_ACTIVITY_
Your task is to retype, word for word, the lines from the start of the data through the line holding "Benutzer definierte Tribal". Do not include the pictures.

_DATASET EXCERPT_
_____
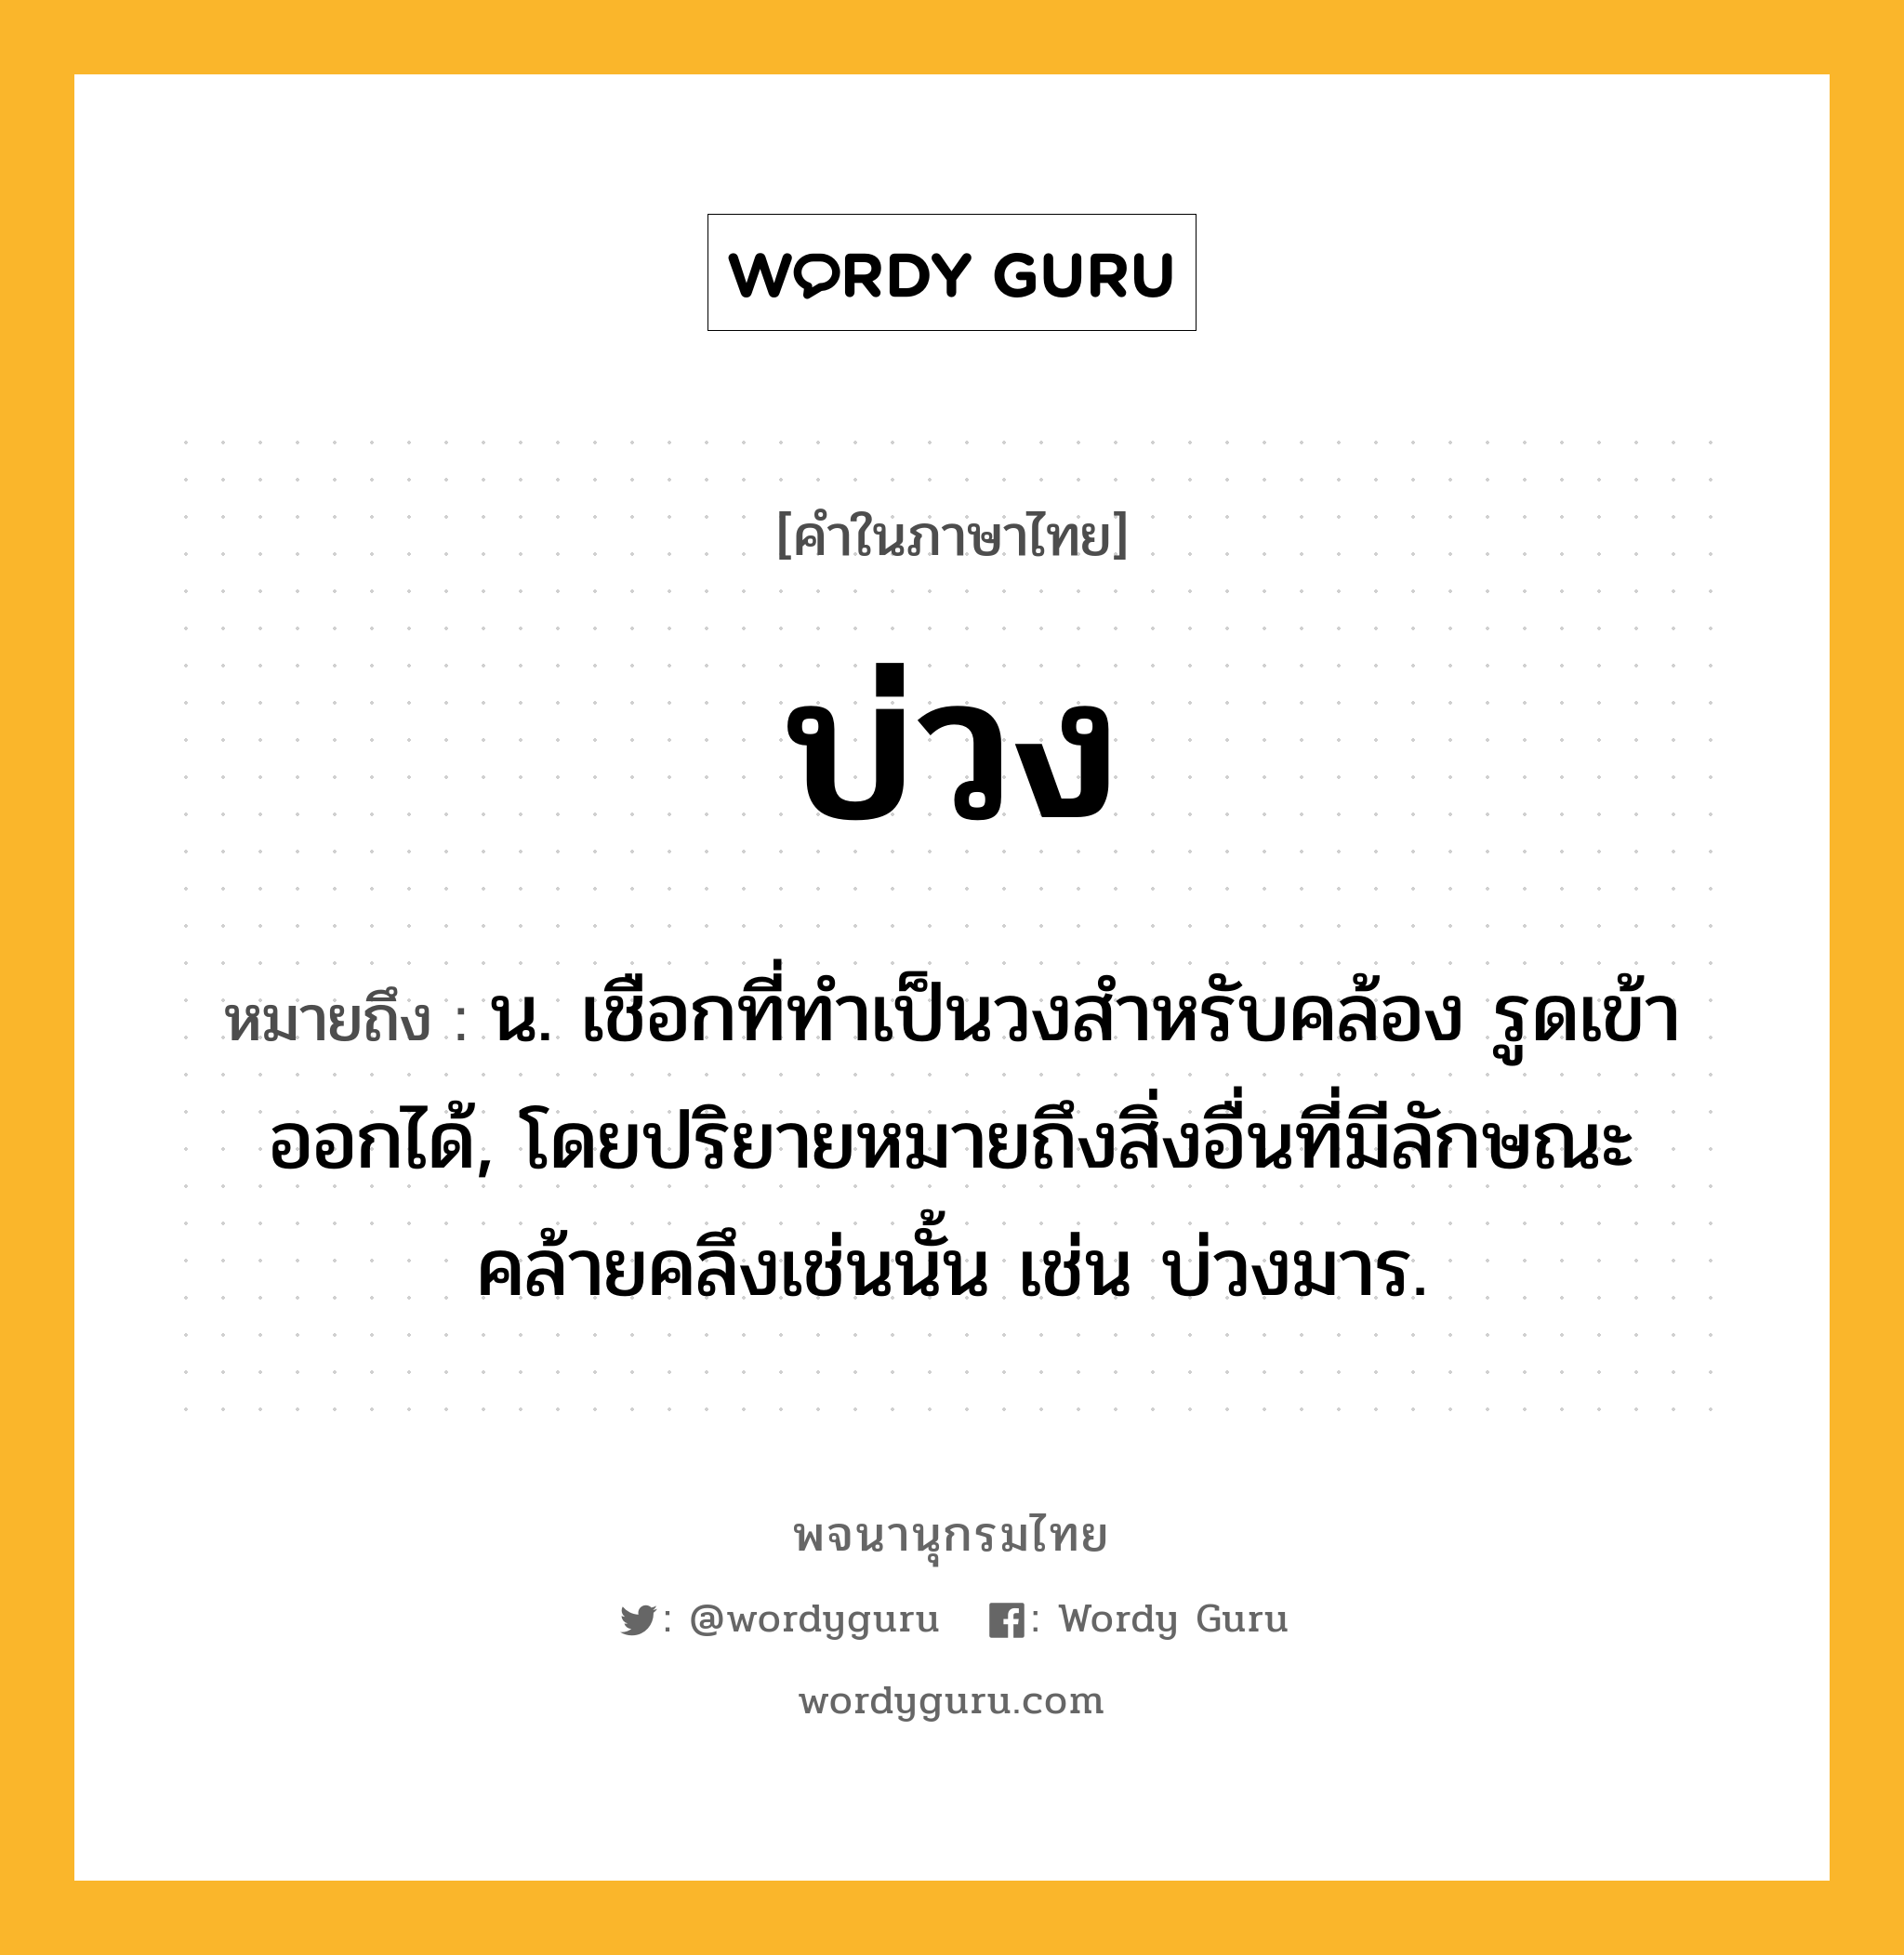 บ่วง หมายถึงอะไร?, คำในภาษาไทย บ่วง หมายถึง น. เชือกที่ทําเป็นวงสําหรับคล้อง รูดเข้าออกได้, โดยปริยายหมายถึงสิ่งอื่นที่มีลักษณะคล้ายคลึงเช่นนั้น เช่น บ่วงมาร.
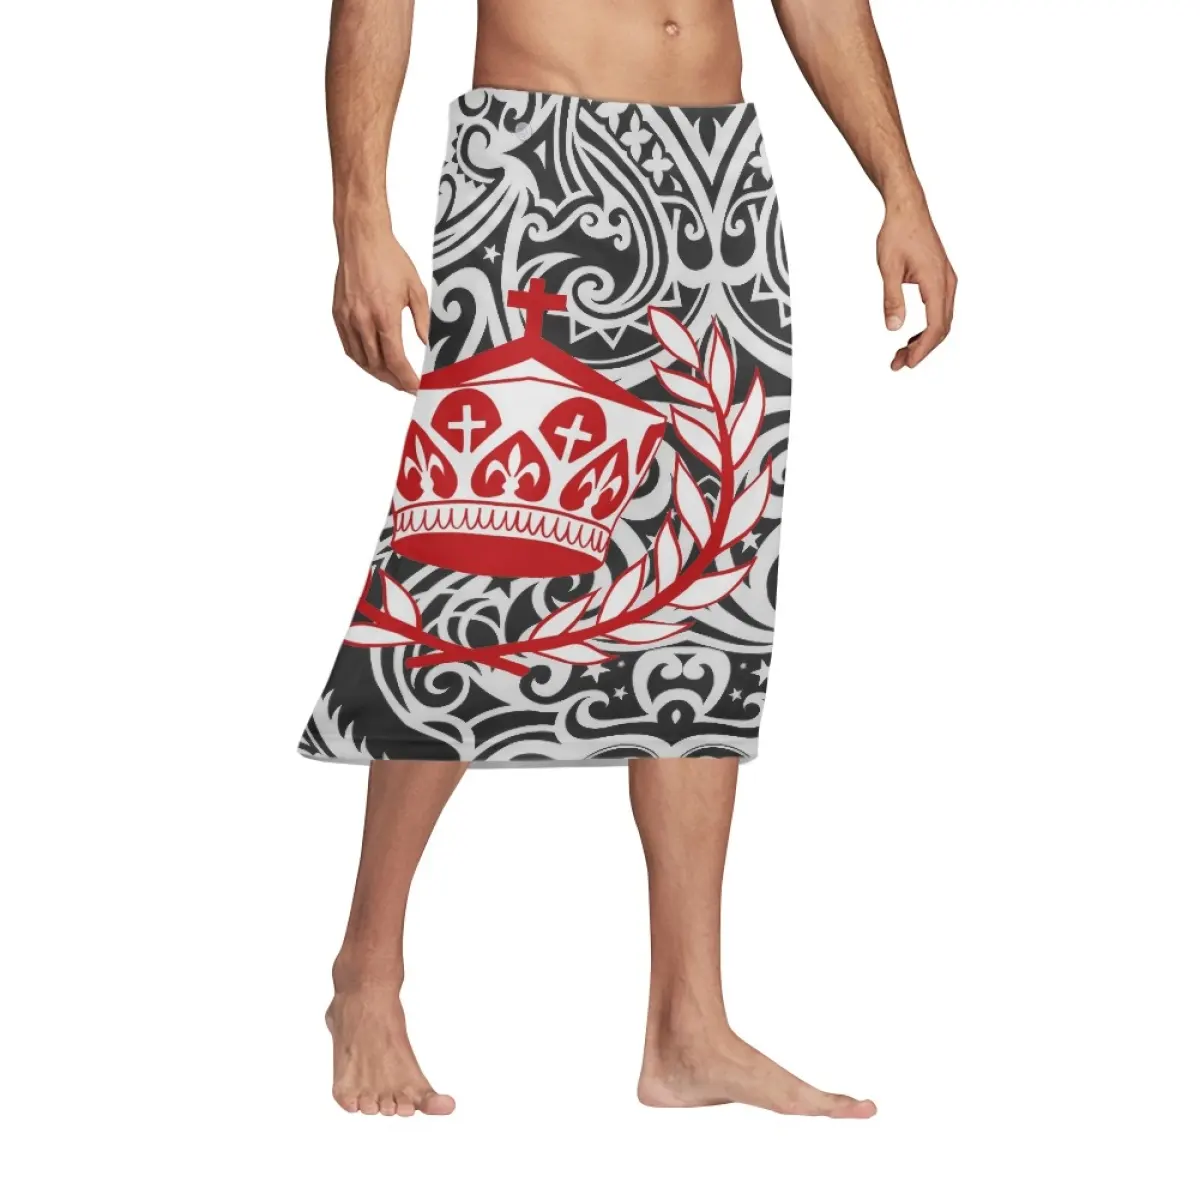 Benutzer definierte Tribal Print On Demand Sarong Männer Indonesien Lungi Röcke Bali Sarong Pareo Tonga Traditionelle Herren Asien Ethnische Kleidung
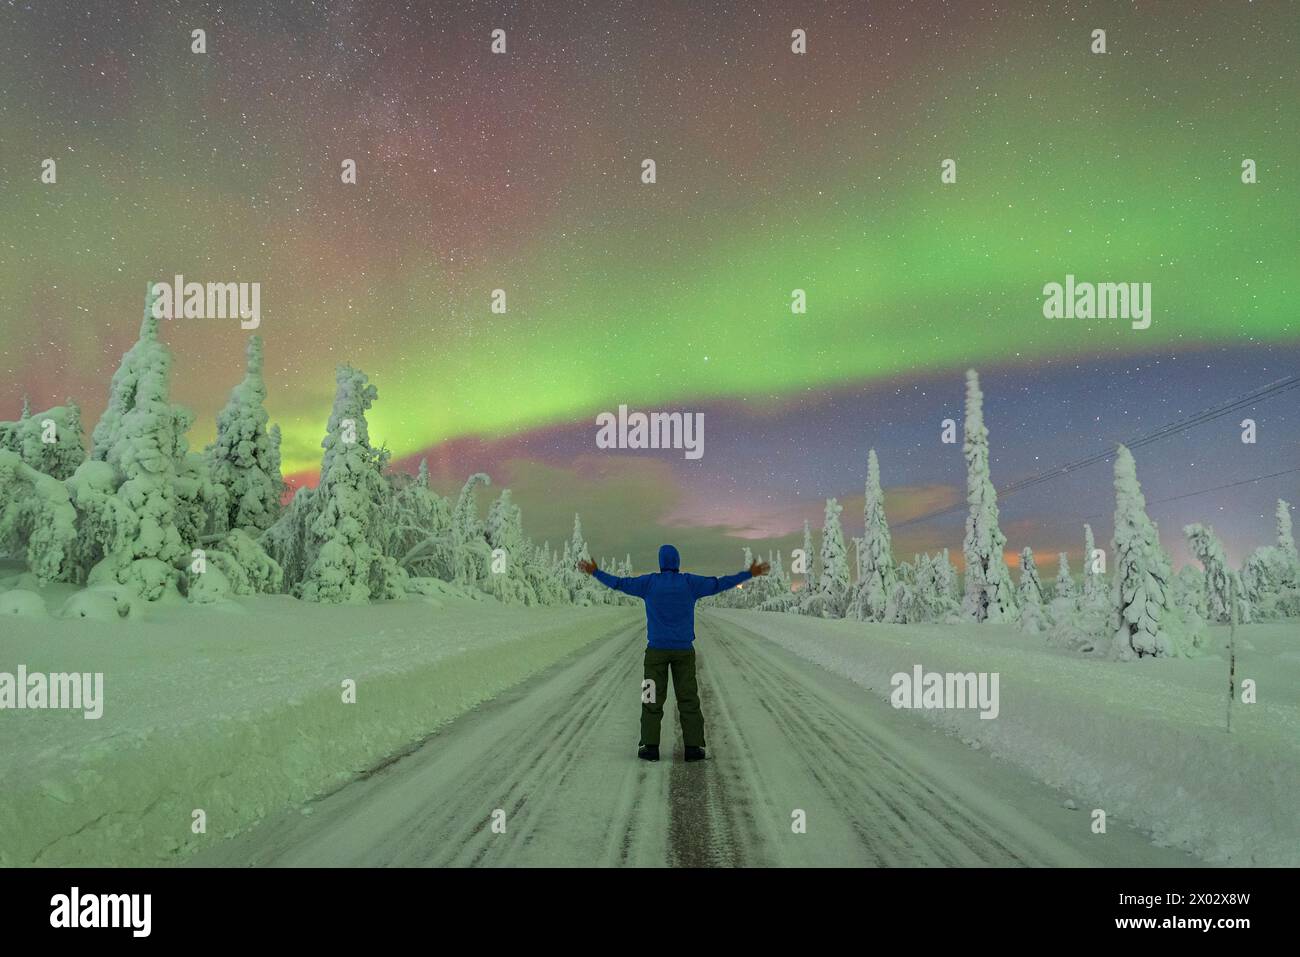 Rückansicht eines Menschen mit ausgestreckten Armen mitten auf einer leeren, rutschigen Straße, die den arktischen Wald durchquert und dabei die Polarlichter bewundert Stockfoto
_____
_RESPONSE TO THE TASK_
 บ่วง หมายถึงอะไร?, คำในภาษาไทย บ่วง หมายถึง น. เชือกที่ทําเป็นวงสําหรับคล้อง รูดเข้าออกได้, โดยปริยายหมายถึงสิ่งอื่นที่มีลักษณะคล้ายคลึงเช่นนั้น เช่น บ่วงมาร.
 Benutzer definierte Tribal Print On Demand Sarong Männer Indonesien Lungi Röcke Bali Sarong Pareo Tonga Traditionelle Herren Asien Ethnische Kleidung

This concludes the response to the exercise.